All this general law is now reasonably clear thanks to two recent Supreme Court cases, AXA pleural plaques (see my post here with link to the judgment) and Salvesen on agricultural tenancies (post & judgment here).
The real A1P1 questions are, as ever,
(i) does the law in question serve a legitimate aim?
(ii) is it proportionate?
The aim of section 15 (4) was to give locals a longer period of grace because the threat to their continued use (some notice telling them they could only use the green by permission of the owner) was not obvious to members of the public. Contrast cases where the use as of right ceased after the 2006 Act came into force which would involve physical obstruction – and for which only a 2 year period was allowed for registration. Only a lawyer would pick up the first, but anyone would protest about the second.
The CA decided that the provision of the 5 year period was for a legitimate aim, and was consistent with the overall policy that once twenty years use as of right has been established it should be possible to get the land registered as a green.
The CA made a number of points in dismissing the Port’s case that the law had a disproportionate effect.
- The main one was that that the Port could have avoided getting into the predicament in which he finds himself: Leeds Group plc v Leeds City Council (No 2)  EWCA Civ 1447  1 WLR 1561 at . On the basis of the April 2013 CA decision,
- if the Port had displayed the bye-laws on the quayside or the sea wall the whole problem would have been eliminated. Anyway, all landowners had effectively been put on notice since the late 1990s that those using their land for recreational purposes may well be asserting a public right to do so if their use of the land is more than trivial or sporadic. The fact that the Port’s predicament has come about because of its own acquiescence in a long-standing state of affairs also means that the case for compensation was a particularly weak one.
The remaining points (- in Lewison LJ’s judgment) are detailed ones – but which demonstrate that it is far from easy to devise a law which strikes the right balance between the interests of landowners and members of the public.
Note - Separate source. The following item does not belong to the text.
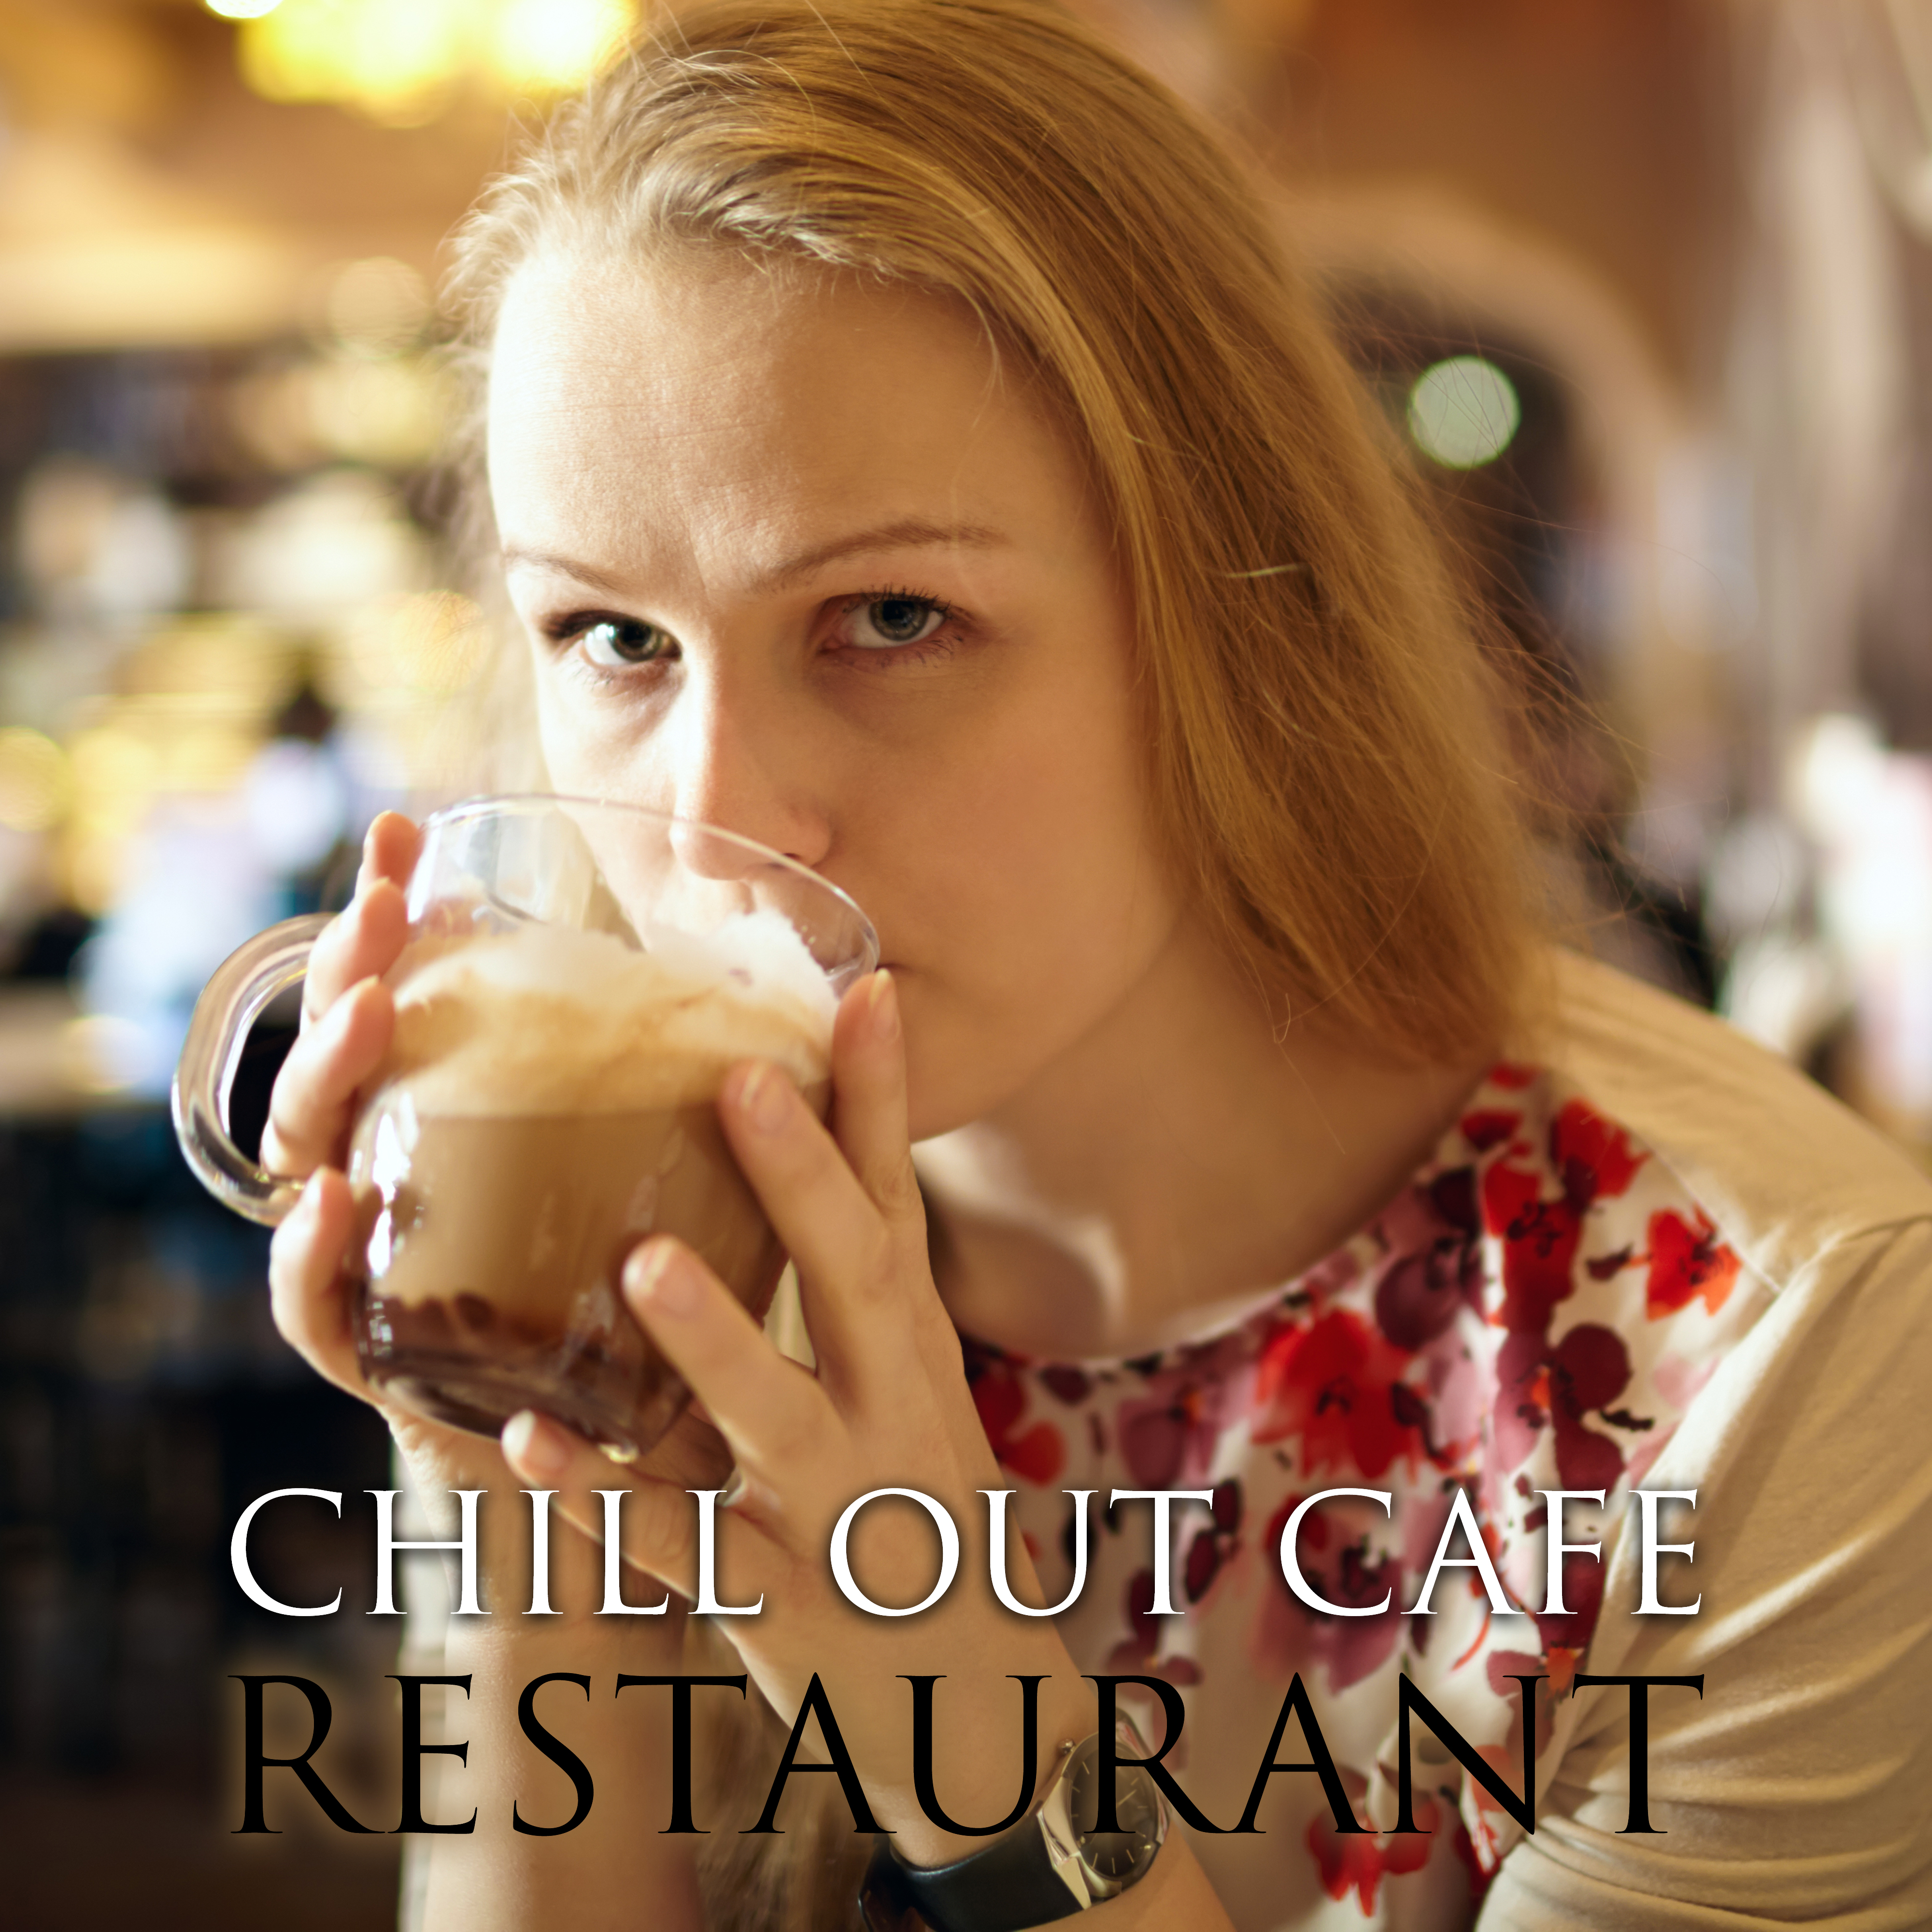 Chill Out Cafe Restaurant  Summer Songs to Relax, Chilled Melodies to Rest, Easy Listening

This strikes me as a fairly easy decision against the A1P1 challenge to this statute. True, any provision with a dose of retrospectivity will need some measure of justification, but where there are firmly two sides to the legislative choice made, it is not difficult for the government to justify the choice it in fact made. A1P1 certainly has teeth, as recent decisions have shown – e.g. here – but this is not one in which they were – quite rightly – bared.